Reichsbürgerprozess: Weitere Razzia im Zusammenhang mit Reichsbürgergruppe um Prinz Reuß

Kurz vor Auftakt des Prozesses gegen Heinrich XIII. Prinz Reuß und
acht weitere Angeklagte wegen mutmaßlicher Putschpläne hat es erneut
eine Razzia gegeben. Der Generalbundesanwalt ließ am Donnerstag zwei
Wohnungen im niedersächsischen
Landkreis Harburg durchsuchen. Das bestätigte ein Sprecher der Behörde
auf Nachfrage.

Die Bundesanwaltschaft wirft einer Gruppe um Prinz Reuß vor, einen
bewaffneten Umsturz vorbereitet zu haben, um „die bestehende staatliche
Ordnung in Deutschland gewaltsam zu beseitigen und durch eine eigene,
bereits in Grundzügen ausgearbeitete
Staatsform zu ersetzen“. Um den Frankfurter Geschäftsmann hatte sich
ein weitläufiges Netzwerk aus sogenannten Reichsbürgern, Esoterikern und
Anhängern von Verschwörungsmythen geschart. Teile der Gruppe sollen den
Ermittlungen zufolge auch einen bewaffneten
Sturm des Reichstagsgebäudes geplant haben.

Nach Informationen von ZEIT ONLINE richtete sich die Durchsuchung am
Donnerstag gegen den am Oberlandesgericht Frankfurt Angeklagten
Hans-Joachim H. sowie eine nicht verdächtigte Person. Die
Bundesanwaltschaft wirft dem 66-Jährigen
vor, Mitglied in der Gruppe um Prinz Reuß gewesen zu sein und sie mit
mehr als 160.000 Euro unterstützt zu haben. Der Mann soll sich an
mehreren konspirativen Treffen beteiligt haben, bei denen es etwa um die
Rekrutierung weiterer Mitglieder ging.

Im Dezember hatte der Generalbundesanwalt in dem Mammutverfahren
mutmaßliche Mitglieder und Unterstützter vor gleich drei
Oberlandesgerichten angeklagt. Der Prozess in Stuttgart hat bereits
begonnen,
in Frankfurt ist für den Dienstag der erste Verhandlungstag angesetzt,
in München soll der Prozess am 18. Juni beginnen.

Anders als der Großteil der anderen Angeklagten war H. nicht bereits
im Dezember 2022, sondern erst im Mai vergangenen Jahres festgenommen
worden. Seither sitzt er wie seine mutmaßlichen Komplizen in
Untersuchungshaft. Bei den Durchsuchungen
am Donnerstag suchten Ermittler des Bundeskriminalamts nach
Informationen von ZEIT ONLINE unter anderem nach zwei USB-Sticks, die H.
laut Aussagen eines Zeugen in einem Treppengeländer in seinem Haus
versteckt haben könnte – möglicherweise, weil er durch die
früheren Razzien vorgewarnt gewesen war. Die Ermittler hoffen offenbar
unter anderem, Aufzeichnungen des Angeklagten zu finden, der bisher zu
den schweren Vorwürfen gegen ihn schweigt. Sein Verteidiger ließ eine
Anfrage von ZEIT ONLINE am Freitag unbeantwortet.

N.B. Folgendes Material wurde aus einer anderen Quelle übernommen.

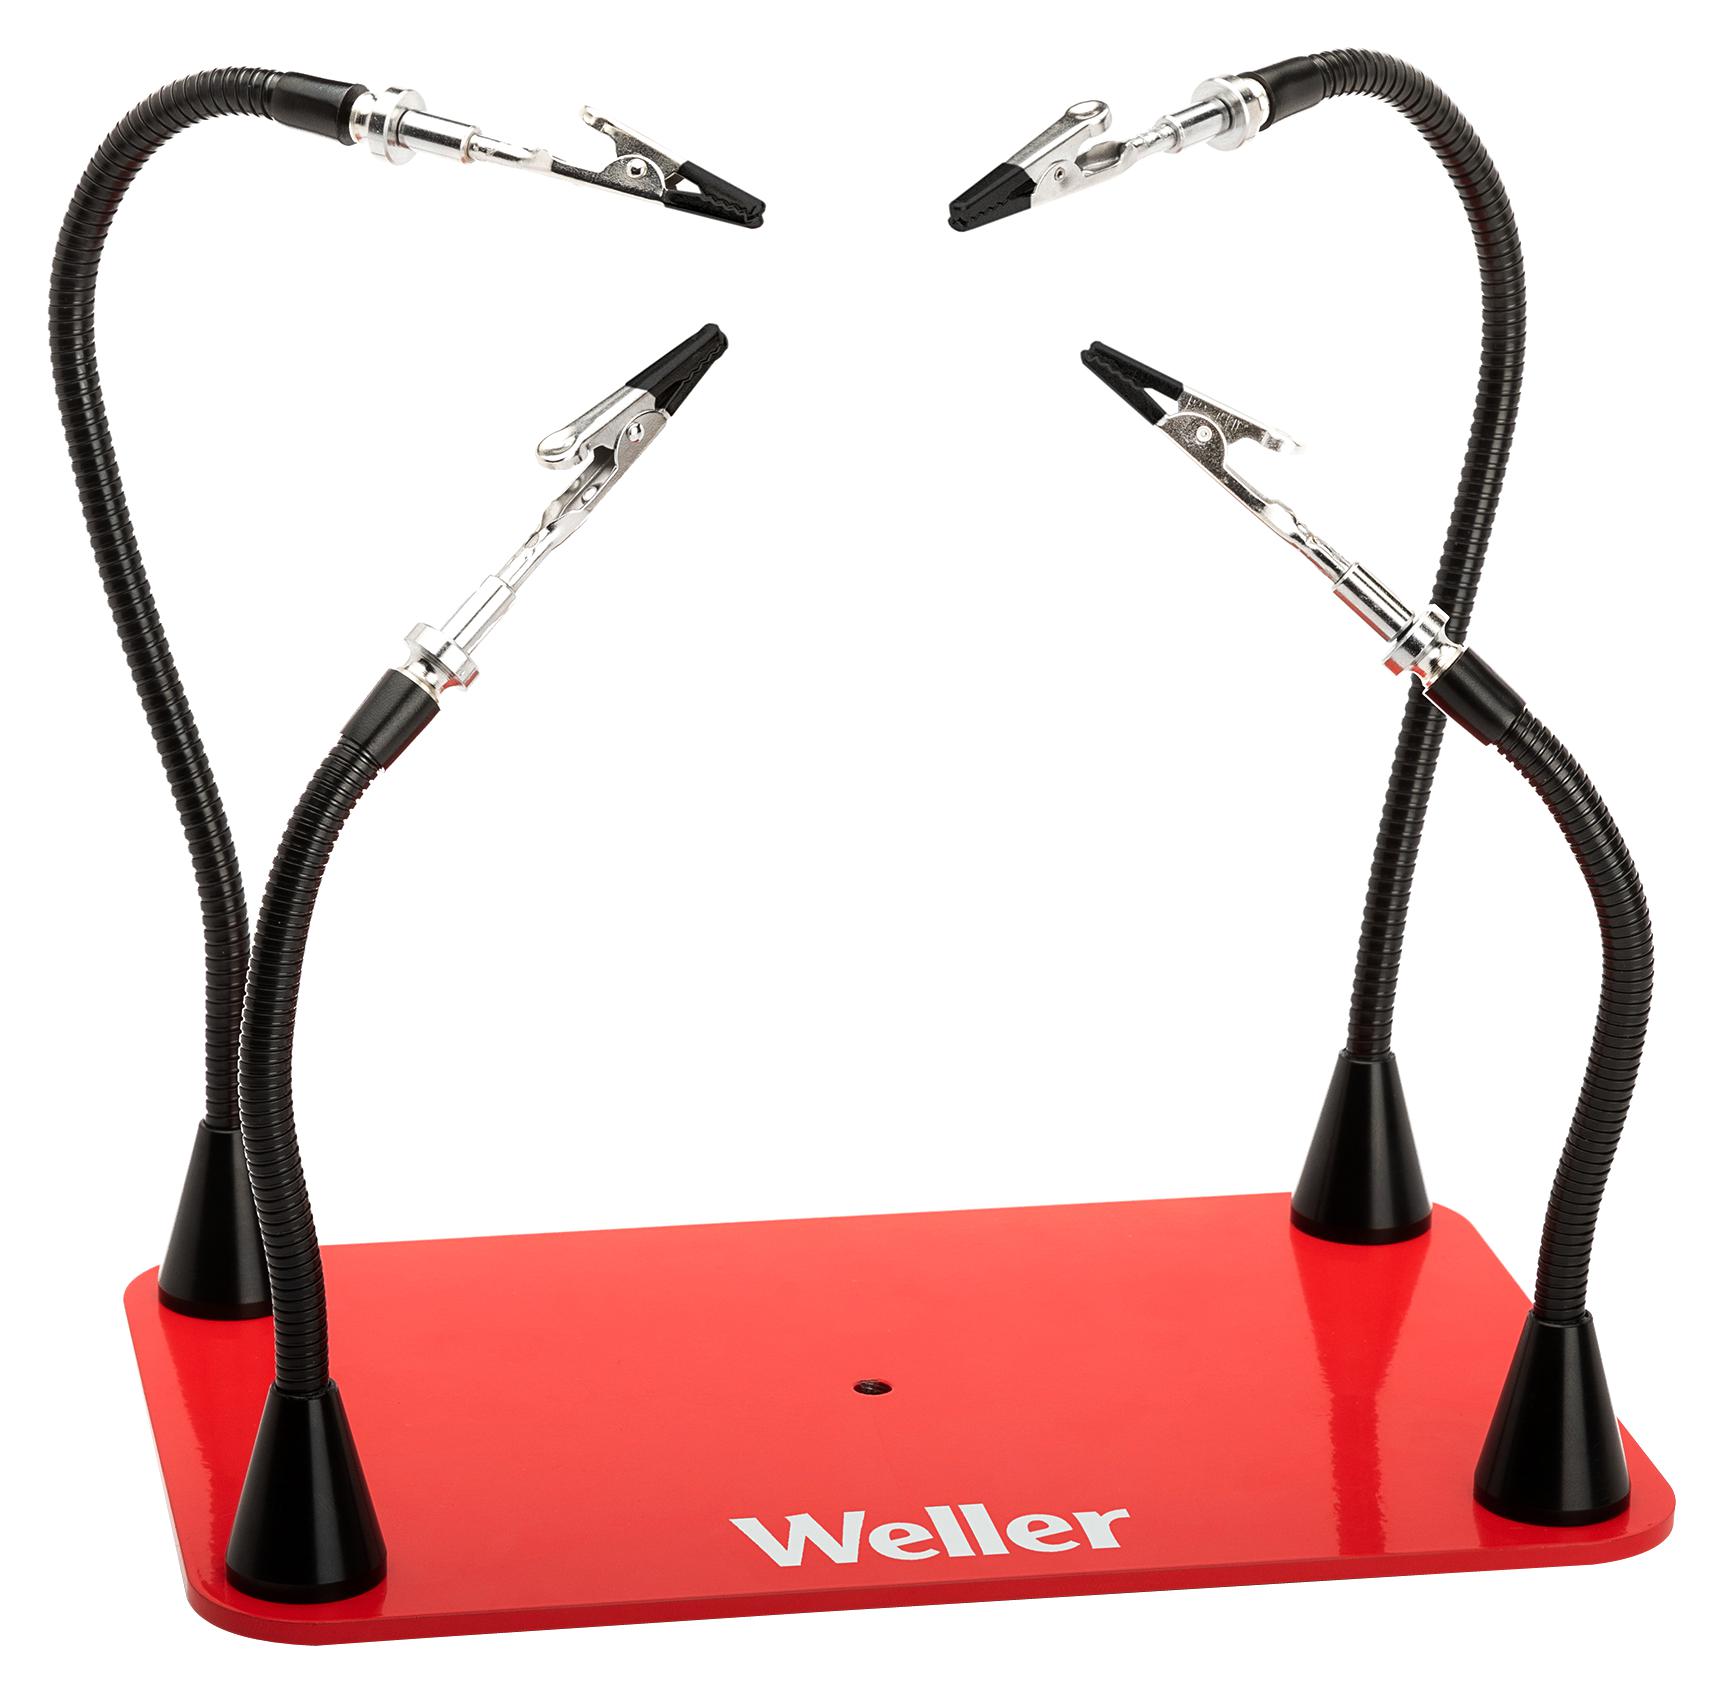 Weller Wlacchhm-02 Helping Hand W/magnetic ARM

Ab Dienstag soll sich Hans-Joachim H. dann vor dem Oberlandesgericht Frankfurt verantworten. Dort sind neben Prinz Reuß auch die
früheren Bundeswehrangehörigen Rüdiger von Pescatore und Maximilian
Eder sowie die ehemalige AfD-Bundestagsabgeordnete
und Richterin Birgit Malsack-Winkemann angeklagt. Die
Bundesanwaltschaft wirft ihnen Mitgliedschaft in einer terroristischen
Vereinigung, Vorbereitung eines hochverräterischen Unternehmens sowie
einzelnen Angeklagten Verstöße gegen das Waffengesetz vor.

Nach Angaben des Oberlandesgerichts Frankfurt, das Termine bis in den
Januar 2025 festgesetzt hat, füllen die Akten zu dem Verfahren bereits
jetzt mehr als 800 Ordner. Aufgrund der vielen Verfahrensbeteiligten hat
das Gericht eigens für den Prozess eine Leichtbauhalle am Rande eines Industriegebietes im
Frankfurter Stadtteil Sossenheim errichten lassen.